— PROBLEM DESCRIPTION —
This exercise calls for the whole listing to be given again exactly, without images.

— AVAILABLE DATA —
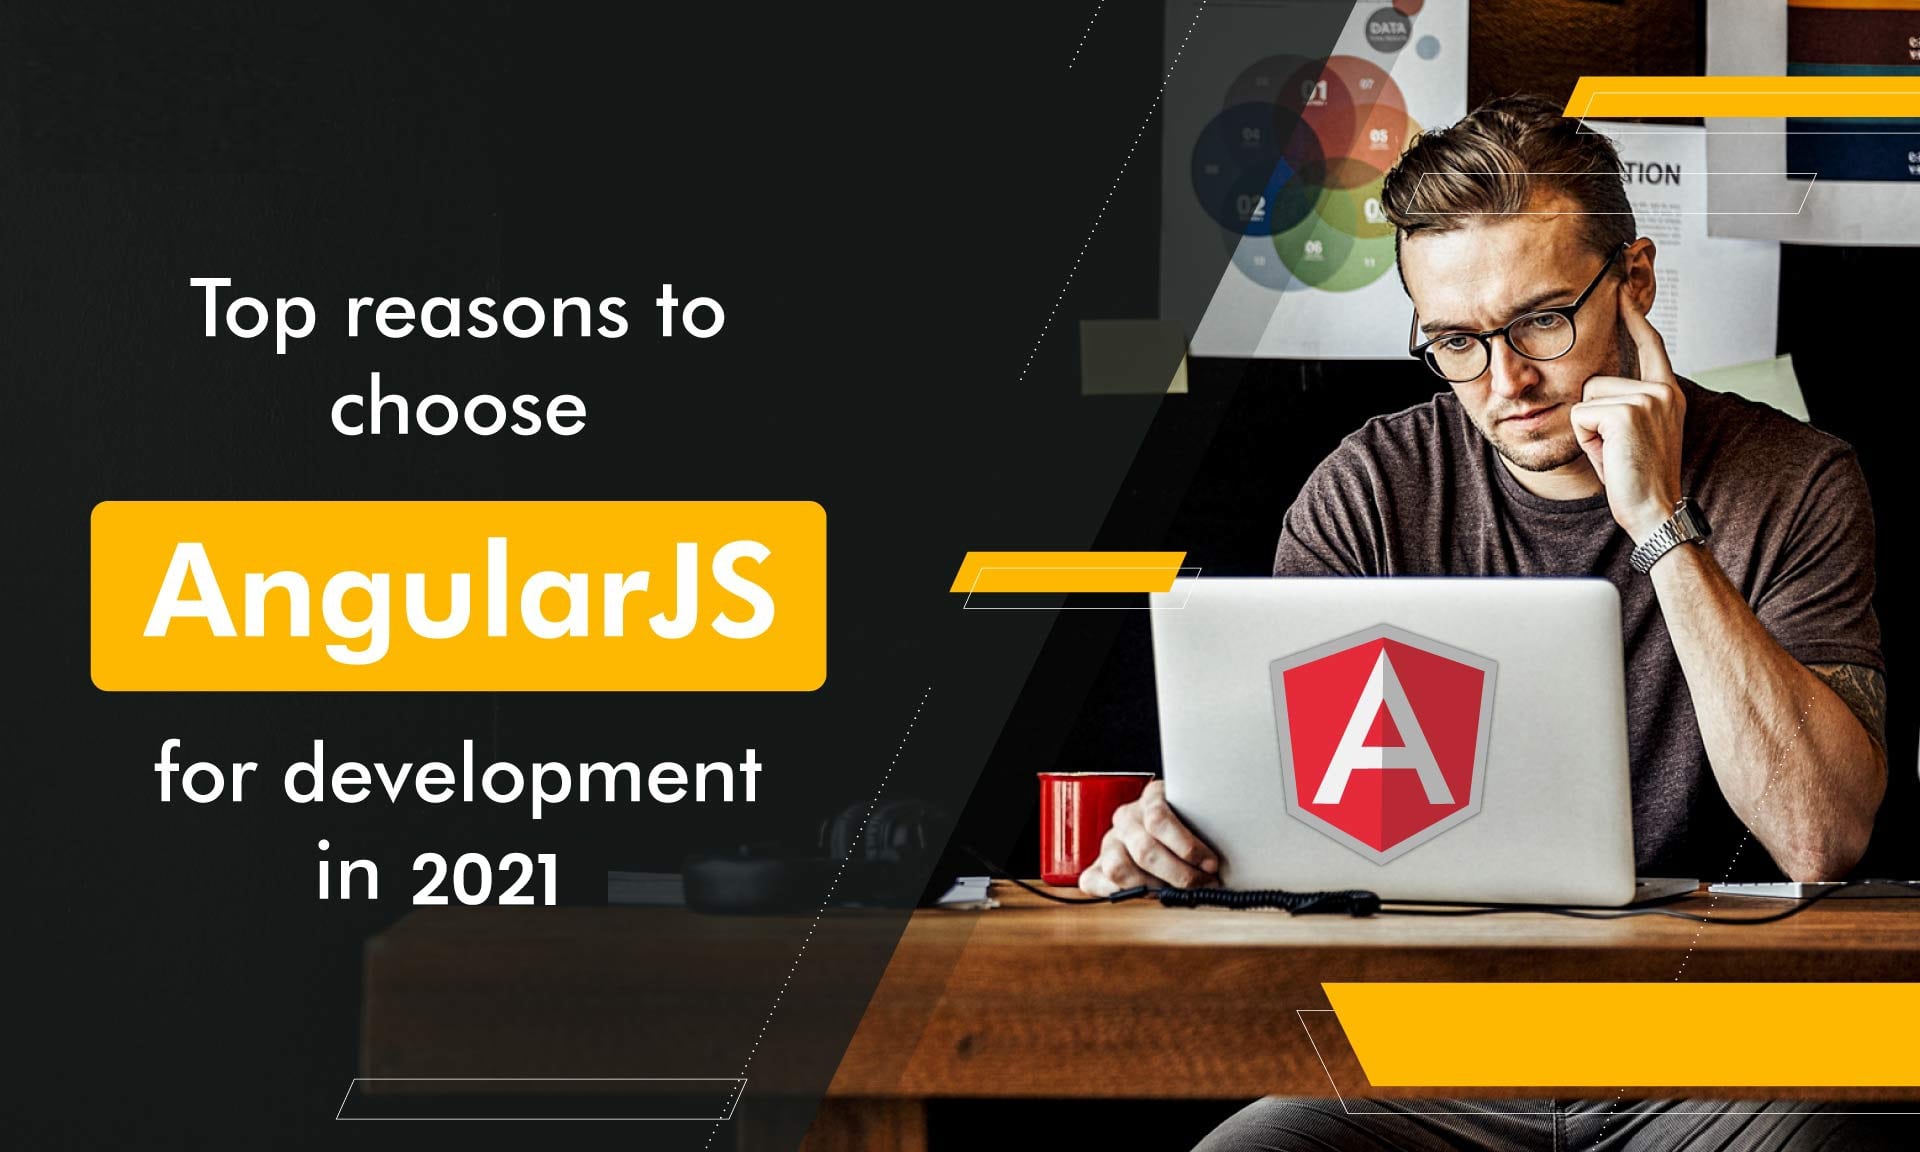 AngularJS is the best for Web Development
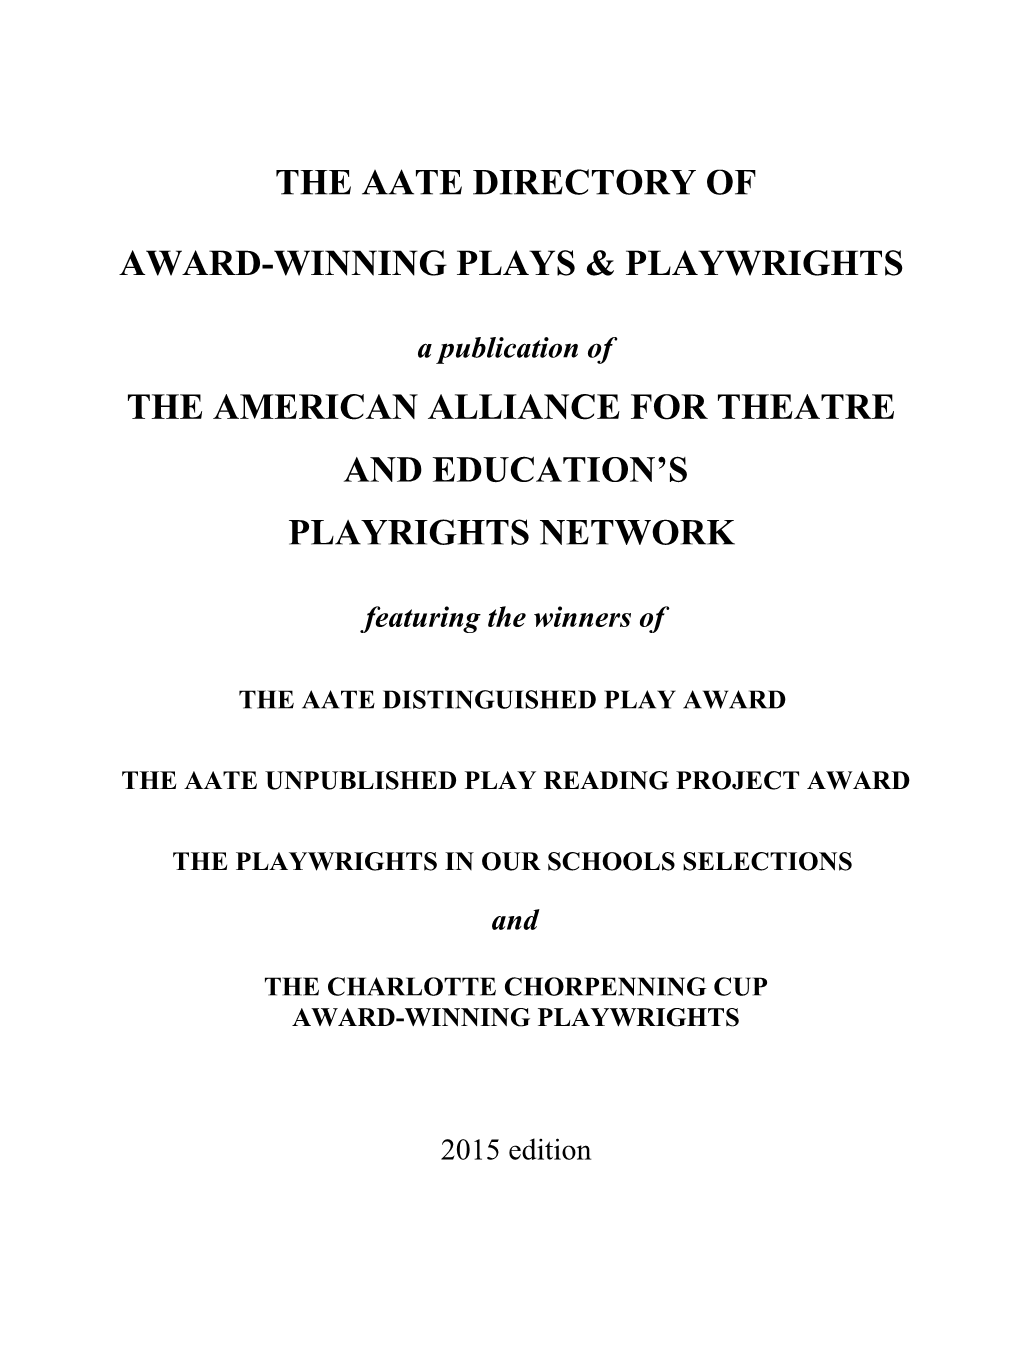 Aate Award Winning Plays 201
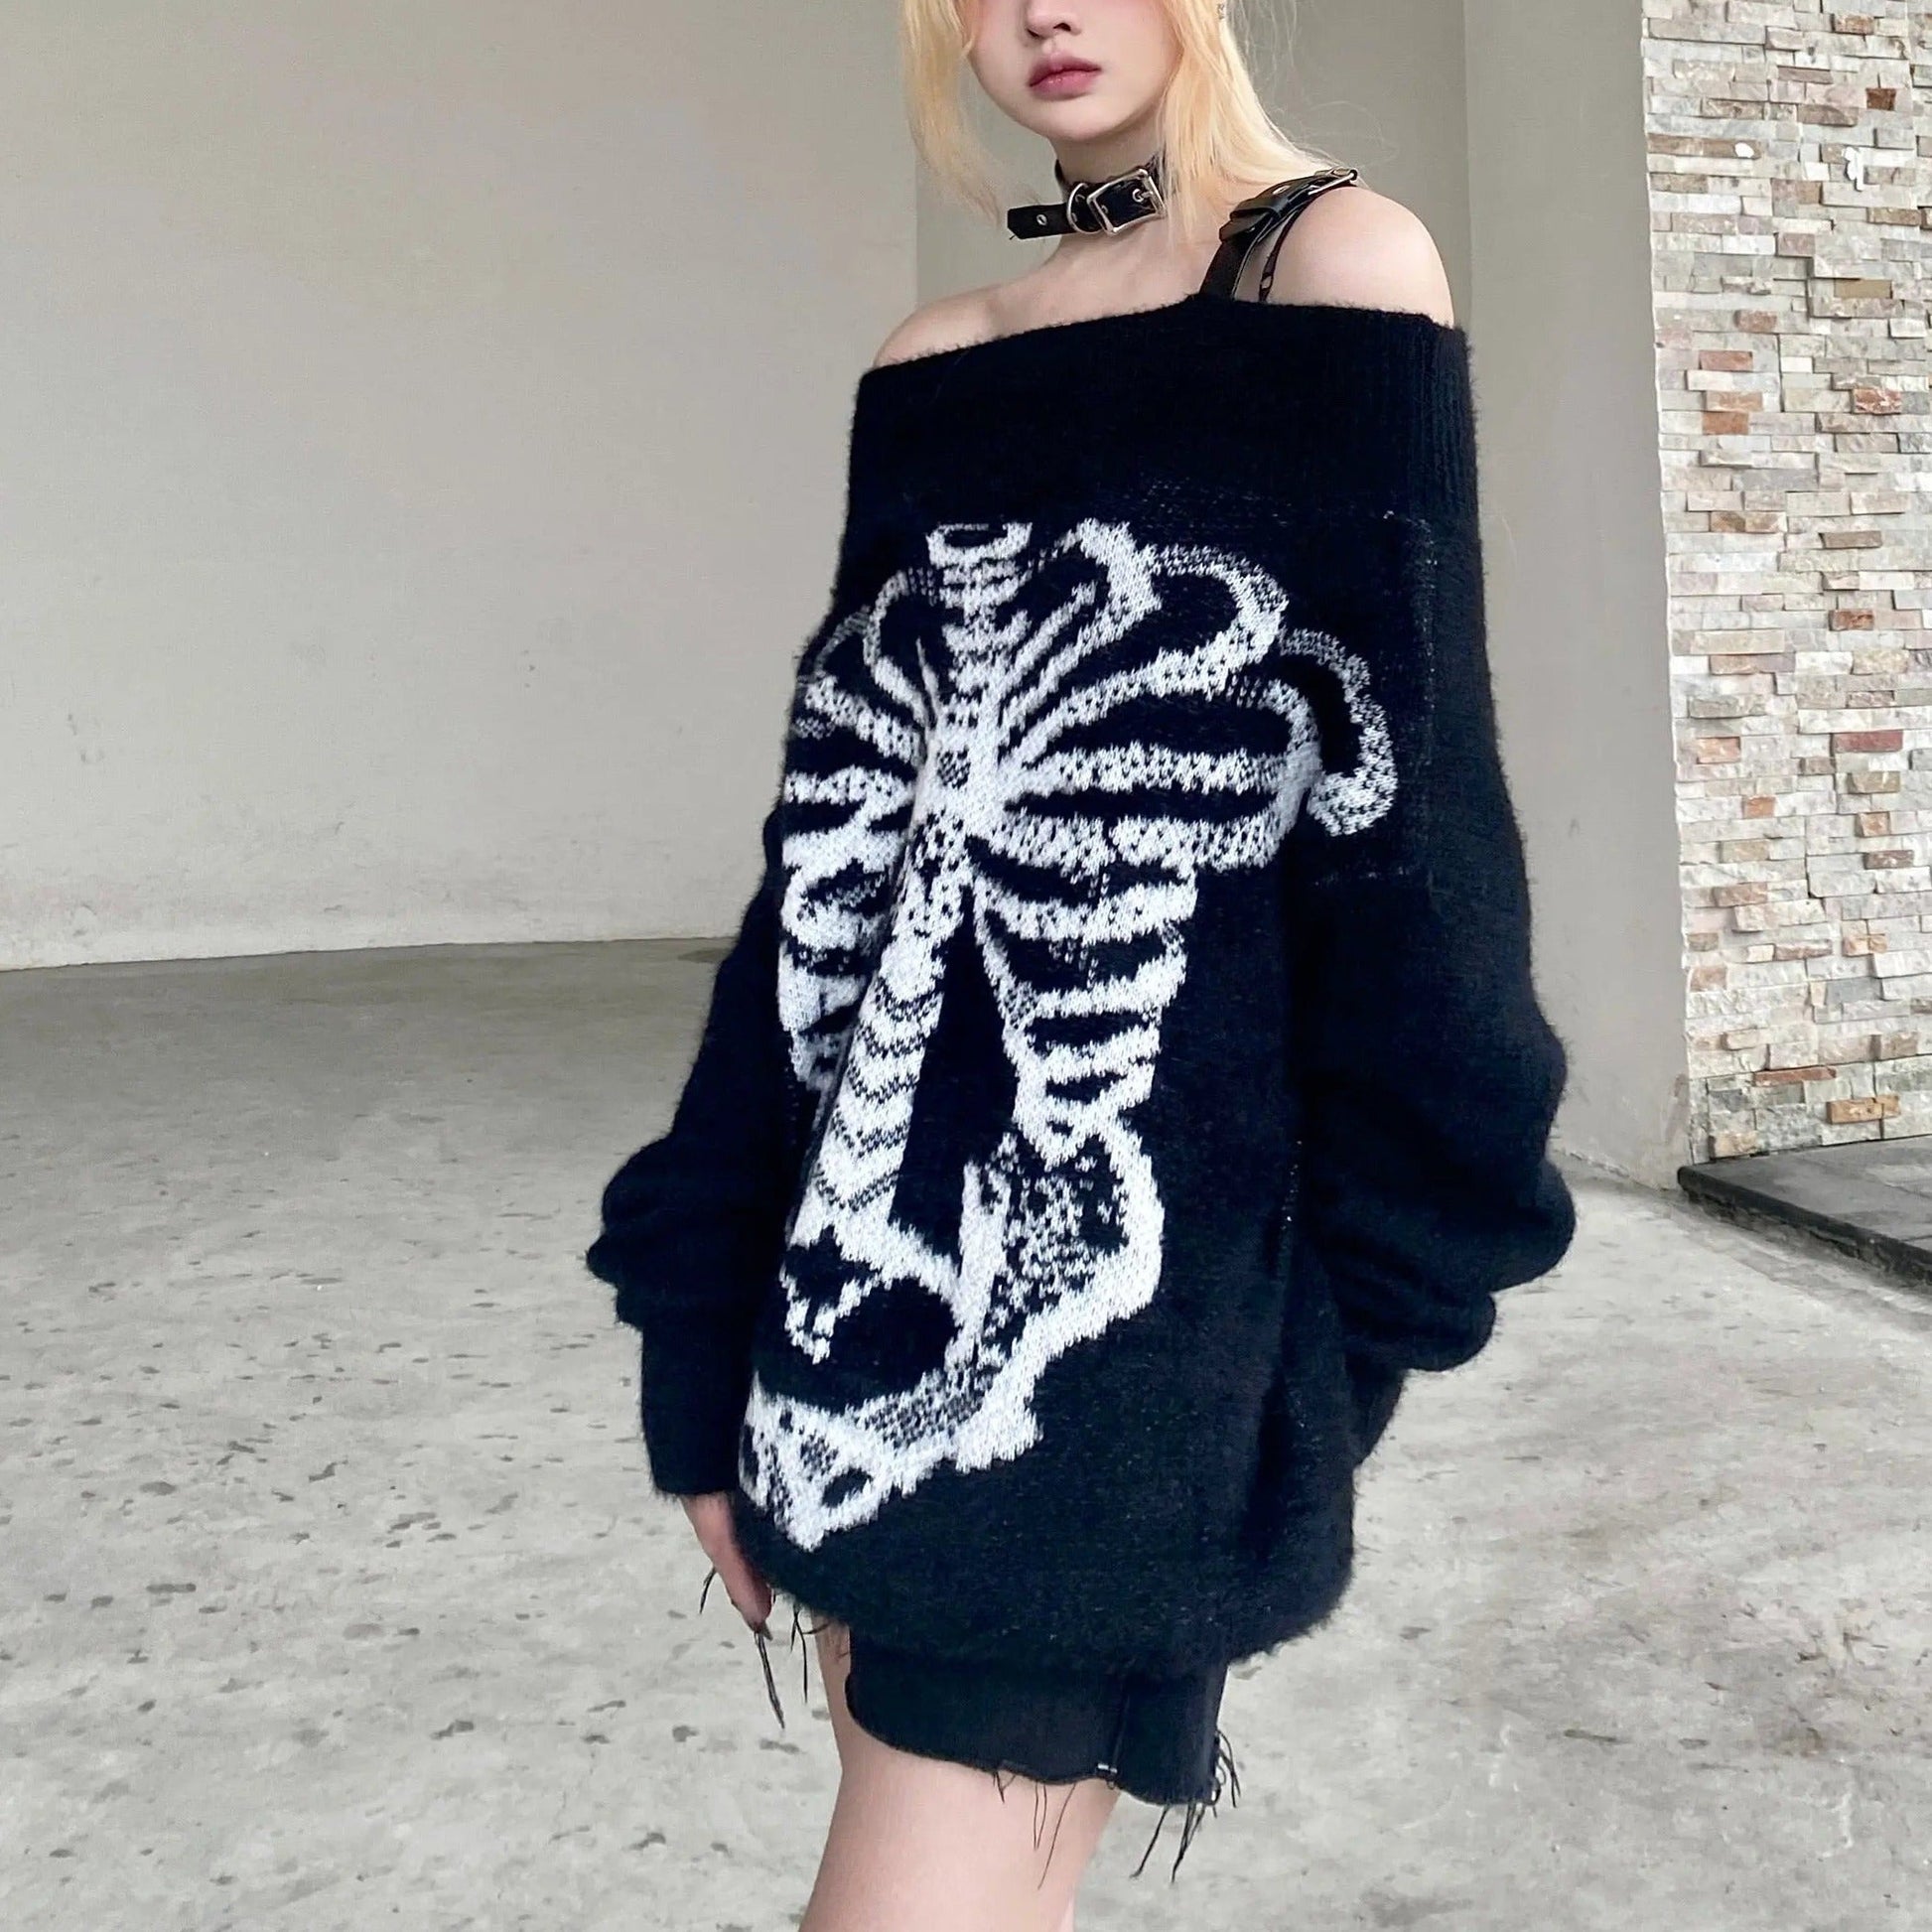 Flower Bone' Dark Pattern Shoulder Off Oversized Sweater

— ANSWER TO THIS EXERCISE —
 AngularJS is the best for Web Development
 Aate Award Winning Plays 201
 Flower Bone' Dark Pattern Shoulder Off Oversized Sweater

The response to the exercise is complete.